President Obama, in announcing an ambitious plan on Friday to invest hundreds of millions of dollars in cutting-edge biomedical research for treatments tailored to the genetic makeup of individual patients, said the effort would “lay the foundation for a new generation of lifesaving discoveries.”

In recent years, targeted therapies have led to more effective treatments for various cancers and other diseases, such as cystic fibrosis. The Food and Drug Administration has approved a growing number of specialized drugs for patients with specific genetic mutations, and the biotech industry has many more drugs in development.

The trend has benefited from sharp declines in the cost of genome sequencing. Decoding one person’s genome, which used to cost hundreds of millions of dollars, costs about $1,000. Storing massive amounts of data is cheaper than ever, and the world is increasingly connected by mobile technologies and electronic medical records.

Lawmakers from both parties have embraced the broad idea of speeding up medical innovation, even if the details about how best to do that remain unresolved.

“The really good news — this is how you know that the moment is right — is there’s bipartisan support for the idea here in Washington,” Obama said in the East Room on Friday morning, drawing a laugh from the crowd of renowned researchers, rare disease patients and officials from the biotech industry. “Which makes me very happy.”

Obama said he hopes to tap that bipartisan support and ask Congress for a $215 million for research on precision medicine. The request will be part of his annual budget scheduled for release Monday.

Still, for all its promise, the potentially staggering cost of some of the targeted drugs that have this kind of research has raised concerns.

Kalydeco, a drug approved in 2012 and highlighted by Obama on Friday, has done wonders for about 4 percent of cystic fibrosis patients with a specific genetic mutation. But it carries a price tag of about $300,000 a year.

“We want to be sure that when these drugs come to market, they aren’t priced at a level people can’t afford,” said John Rother, president of the National Coalition on Health Care, which represents insurers, employers and consumer and religious groups, among others. “That’s not the kind of world we want to live in.”

Drug makers and researchers note out that the cost of developing them is high, while the number of patients who benefit from them can be small. In addition, they say, creating treatments that profoundly change the course of a disease can save money by avoiding other long-term medical costs.

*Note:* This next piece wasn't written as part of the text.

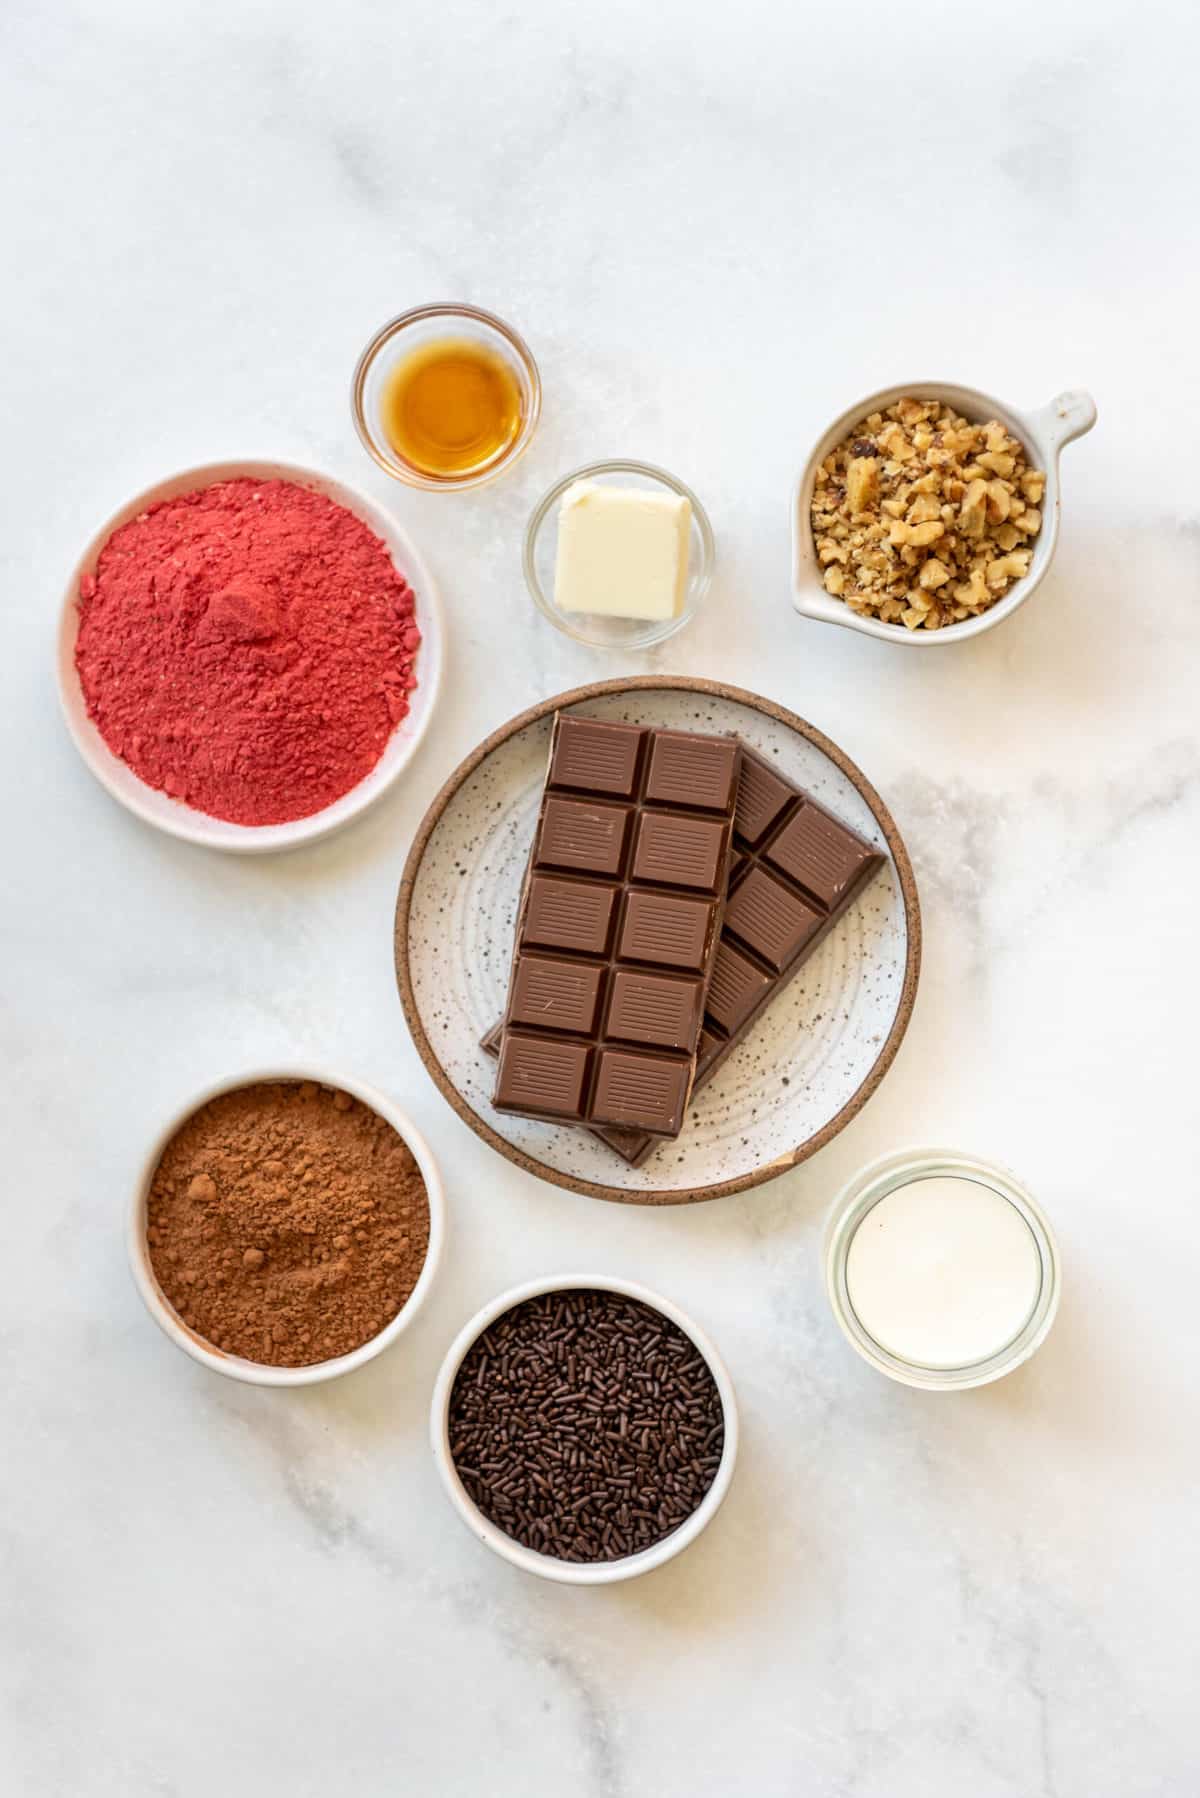 Ingredients for chocolate truffles on a white surface.
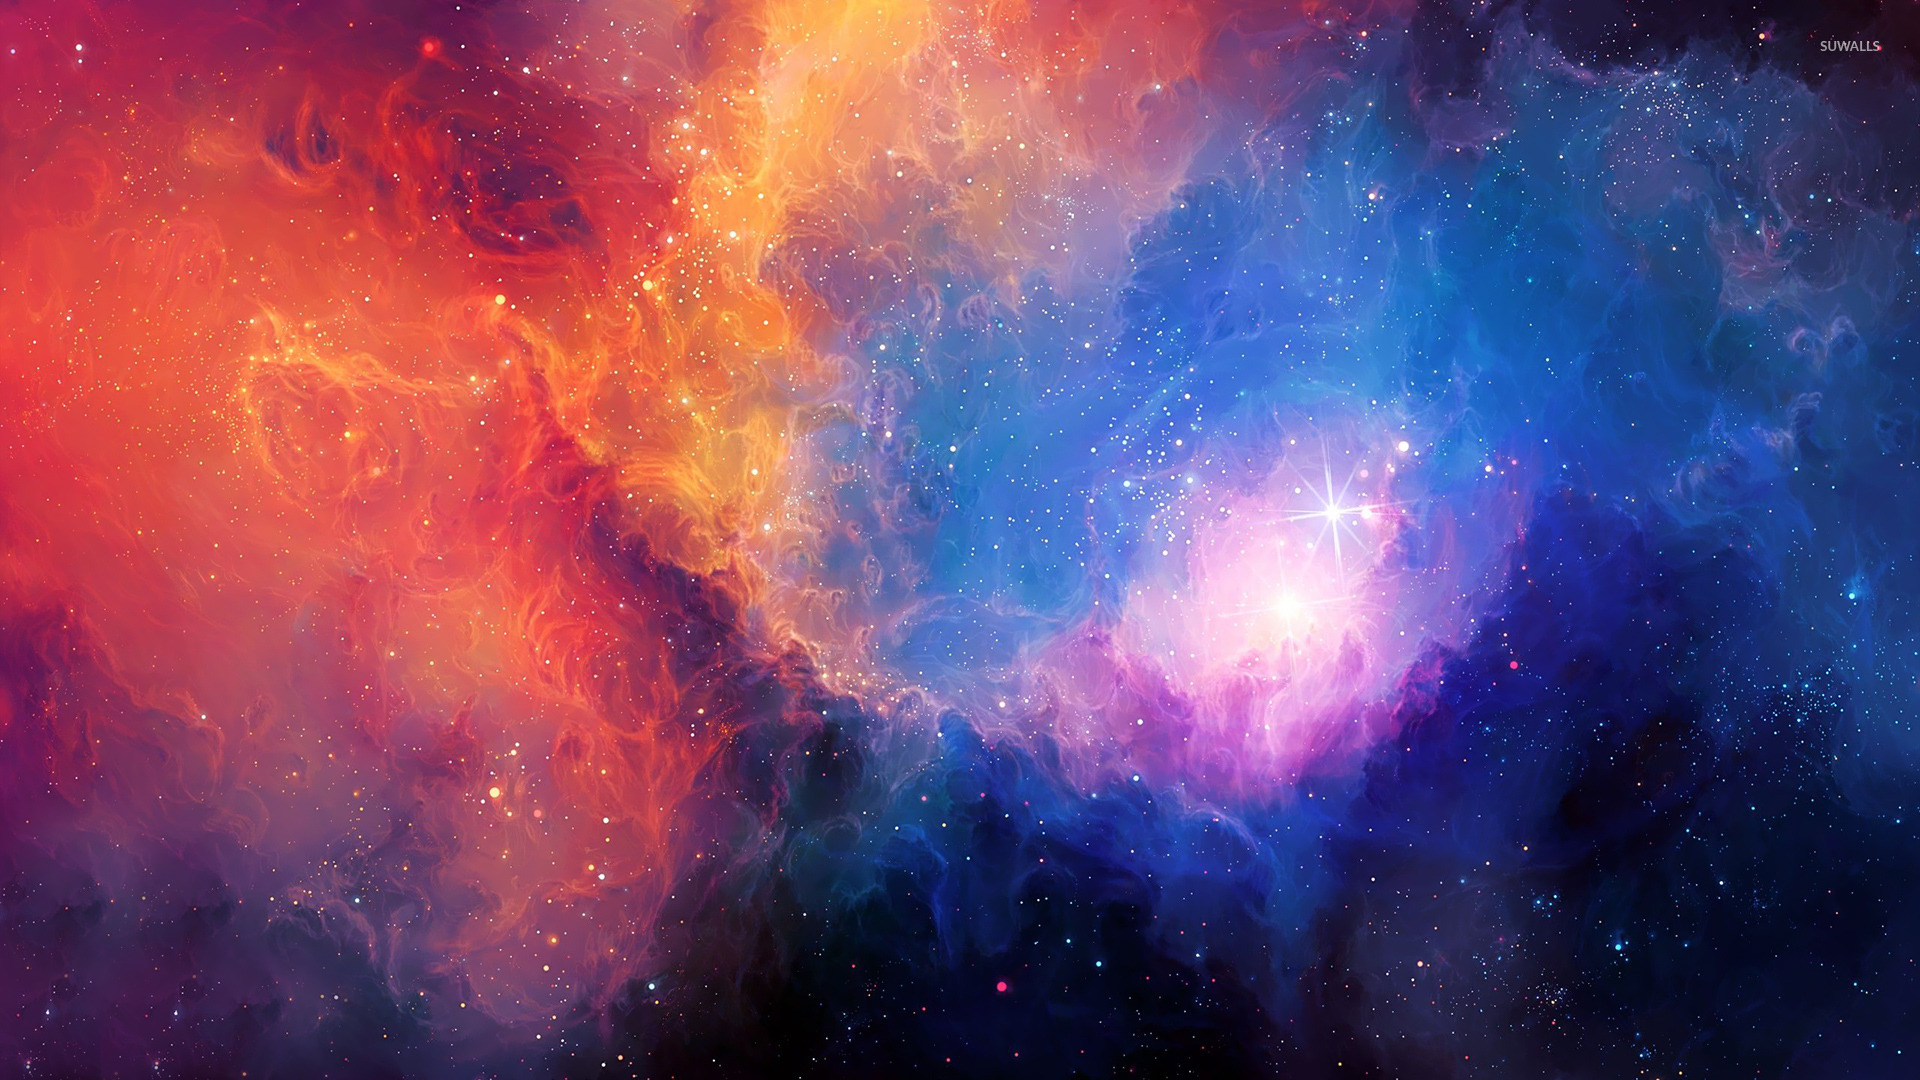 Colorful nebula wallpaper   Space wallpapers   21963

The centerpiece of Obama’s plan involves $130 million for NIH to develop a national database, containing the genetic profiles, medical histories and other data of a million or more willing Americans. That effort, which would likely combine patients from existing studies, is aimed at helping doctors and researchers better understand the complicated mechanisms underlying any number of illnesses.

“This research will dramatically advance our knowledge of diseases, how they originated and how we may prevent or treat them,” said Francis Collins, director of the National Institutes of Health.

Another $70 million would go to the National Cancer Institute to expand research on the genetic factors that can lead to cancer and to develop better treatments. Cancer, among the most pervasive and deadly diseases, is also where researchers have made some of the greatest strides in developing effective therapies for certain subsets of patients.

Under Obama’s plan, the FDA and the Office of the National Coordinator for Health Information Technology would receive $10 million and $5 million, respectively, to evaluate new innovations and put them on a fast track, and to build the technological infrastructure to share data while protecting patients’ privacy.